Молчавшая до сих пор, белая, с свободно ниспадавшими длинными волосами холодного, отдававшего в зелень цвета, с простым, истовым и стервозным выражением лица девушка в старом вязаном платье, висевшем на ее угловатых плечах, подала голос, высокий, с какою-то волнующей полублатною хрипотцой; чуть играя своей приблатненностью:

– Веселые мальчики они, не то что вы…

– Мы тоже веселые, – сказал Захар, не стесняясь тотчас начать заигрывать с нею.

На красивом Митином лице снова отразилось отвращение.

Таня сказала, чтоб помочь ему, как он помог ей:

– А что это было за письмо?

– Было! – воскликнула Ольга. – Оно вон и сейчас есть. Он с ним и пришел сюда.

– Это все-таки само по себе уже свинство, – сказал, удерживаясь, чтобы сидеть прямо, Митин брат, художник. – Он должен был спросить у вас, по крайней мере, не возражаете ли вы против того, чтобы это делалось в вашем доме.

Ольга махнула рукой:

– Ну, это-то как раз ерунда. Я не из трусливых.

– Все-таки могут быть и неприятности, если это начнет раскручиваться.

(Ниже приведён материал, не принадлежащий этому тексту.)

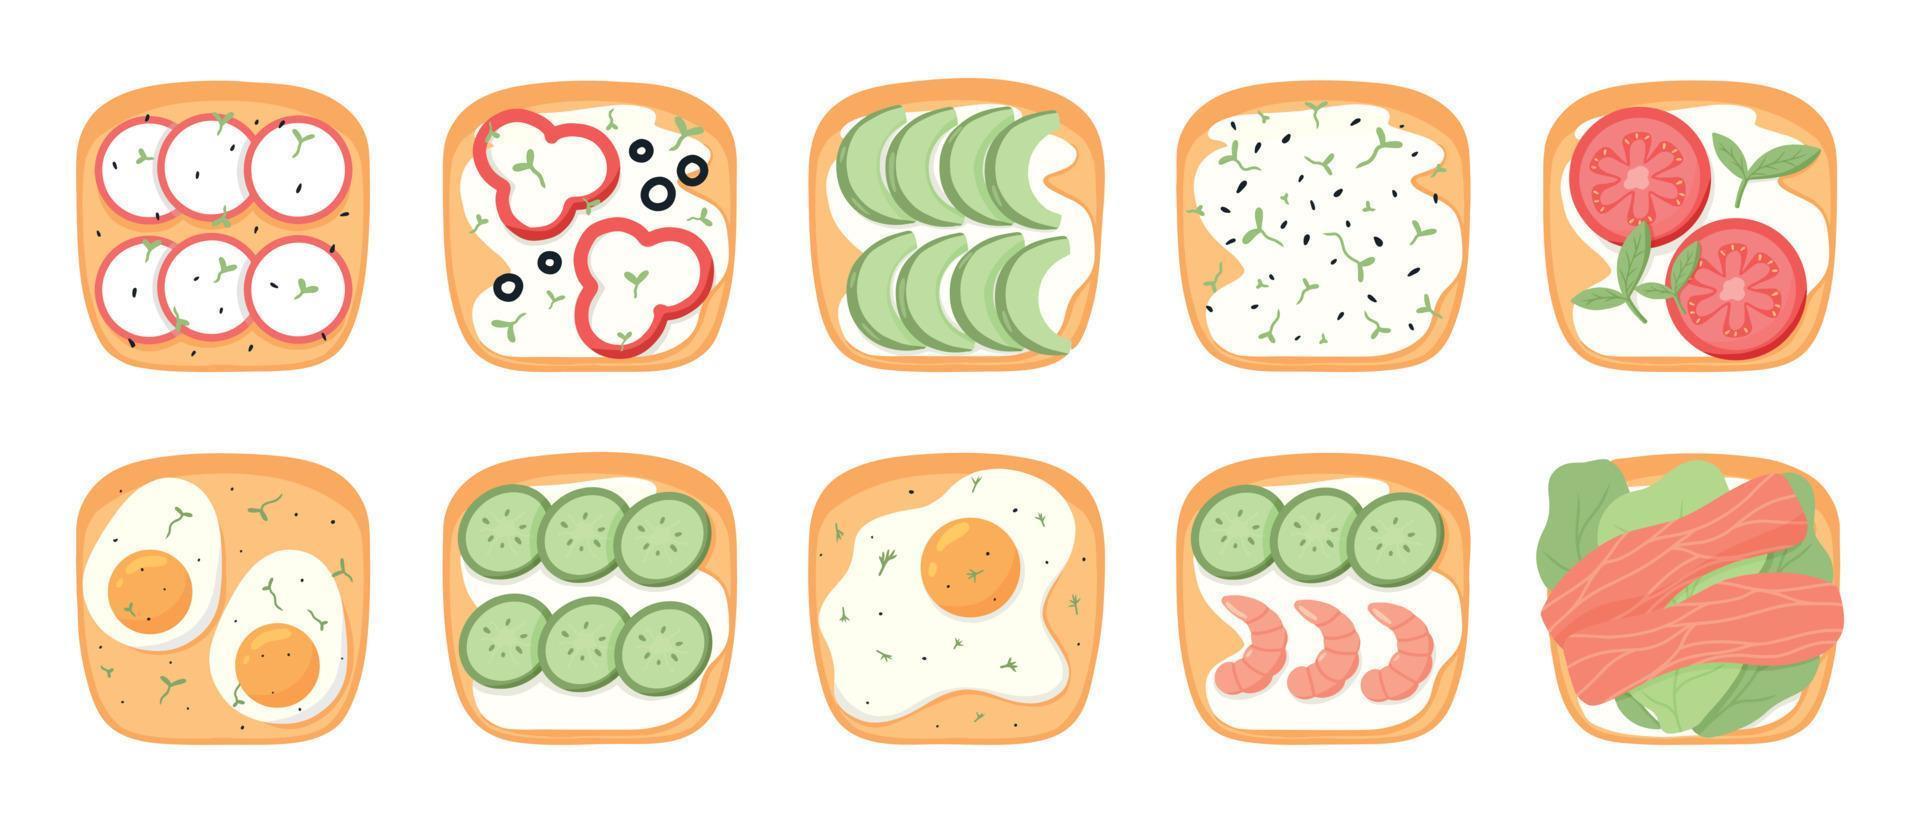 Reihe von Sandwiches mit Gemüse. toast mit eiern, tomaten, garnelen, fisch, gurken, avocado. Vektor-Illustration. gesundes Frühstück. vektor

– Может быть, нам тоже надо подписать письмо? – несмело спросила Таня.

– Сиди уж, тоже! – рявкнула Ольга, – Не юродствуй хоть здесь ради Господа Бога, прошу тебя!

– Я не юродствую, – с усилием выговорила Таня, сглатывая в горле.

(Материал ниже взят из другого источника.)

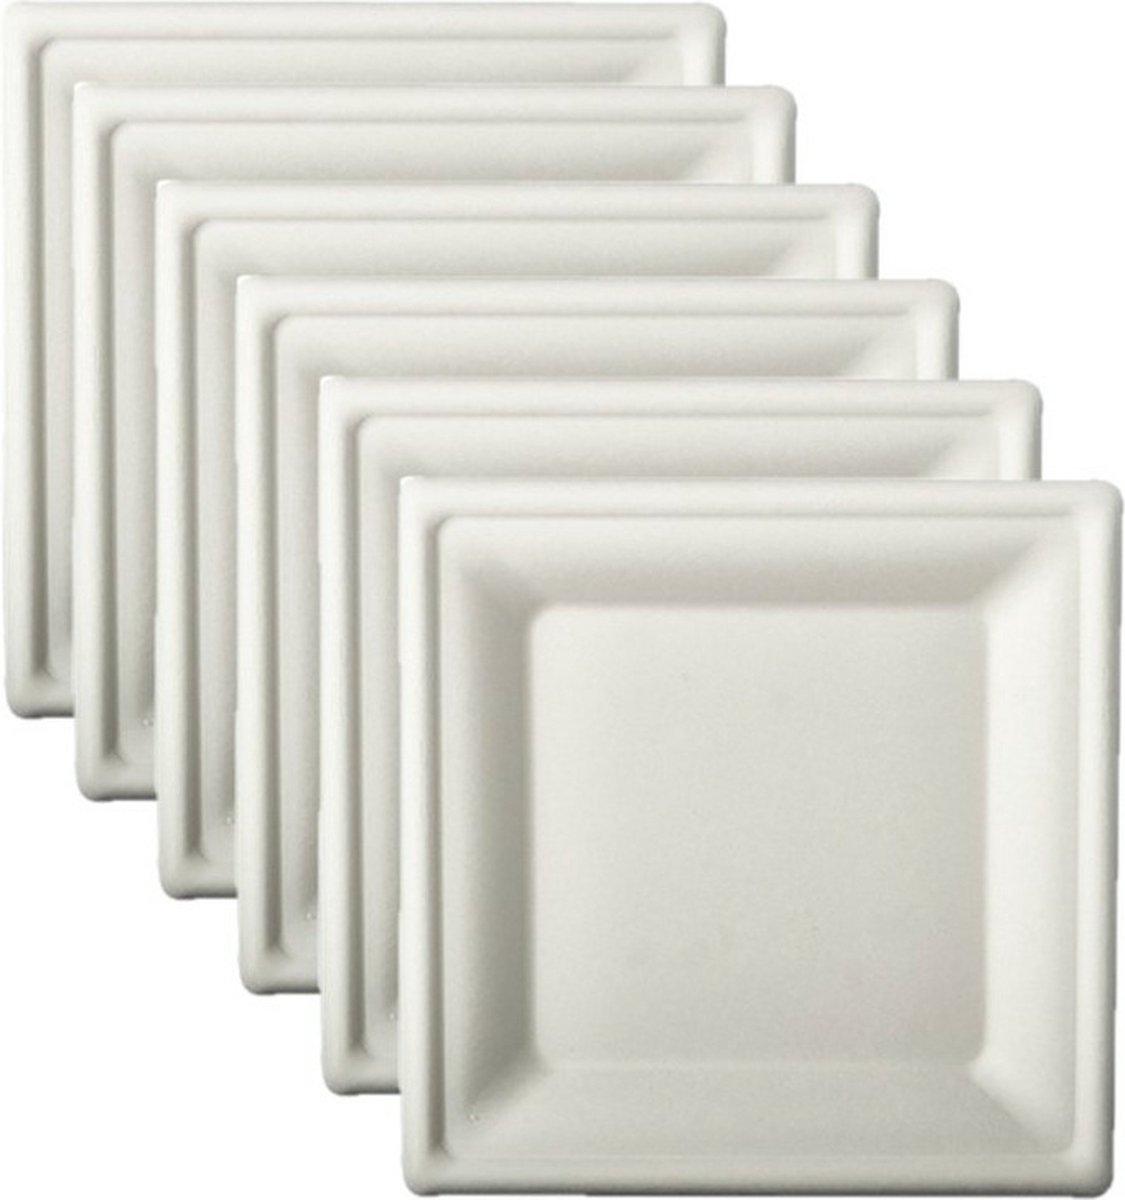 60x stuks witte suikerriet lunchbordjes 20 cm biologisch afbreekbaar - Wegwerp bbq/verjaardag bordjes

Ольга потрепала ее по плечу:

– Прошу тебя, только без сцен.

– Может быть, мне лучше уйти?

Захар, пьяно вытаращив глаза и опираясь о Вирхова рукой, закричал:

– Хватит вам… вашу мать! Что вы, как сойдетесь, так всегда б…ство! Как петухи!..

Ежась от мата, женщины затихли.

– Что я им сделала? – прошептала Таня Вирхову. Он понял, что и она захмелела тоже, губы не слушались ее, и в глазах стояли наконец настоящие слезы.

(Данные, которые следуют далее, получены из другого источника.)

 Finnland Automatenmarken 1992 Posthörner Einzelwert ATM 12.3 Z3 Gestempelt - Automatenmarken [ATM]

– Хватит, хватит, – сказал он. – Что вы, правда. Она же хотела как лучше. Зачем вам связываться с этим письмом, зачем вам неприятности? Ведь верно, Оля?

Та тоже пришла немного в себя и наклонила голову.

– Ну конечно. Я думаю, это понятно, – сказала она, не глядя.

VII
(…)!!! (продолжение)

На том краю стола затянули песню. Хазин, пьяно покачиваясь, дирижировал одной рукой, держа в другой стакан с водкой, и голос его заглушил все споры. Пели:

…приди, приди ко мне, желанная свобода, и обними своею ласковой рукой…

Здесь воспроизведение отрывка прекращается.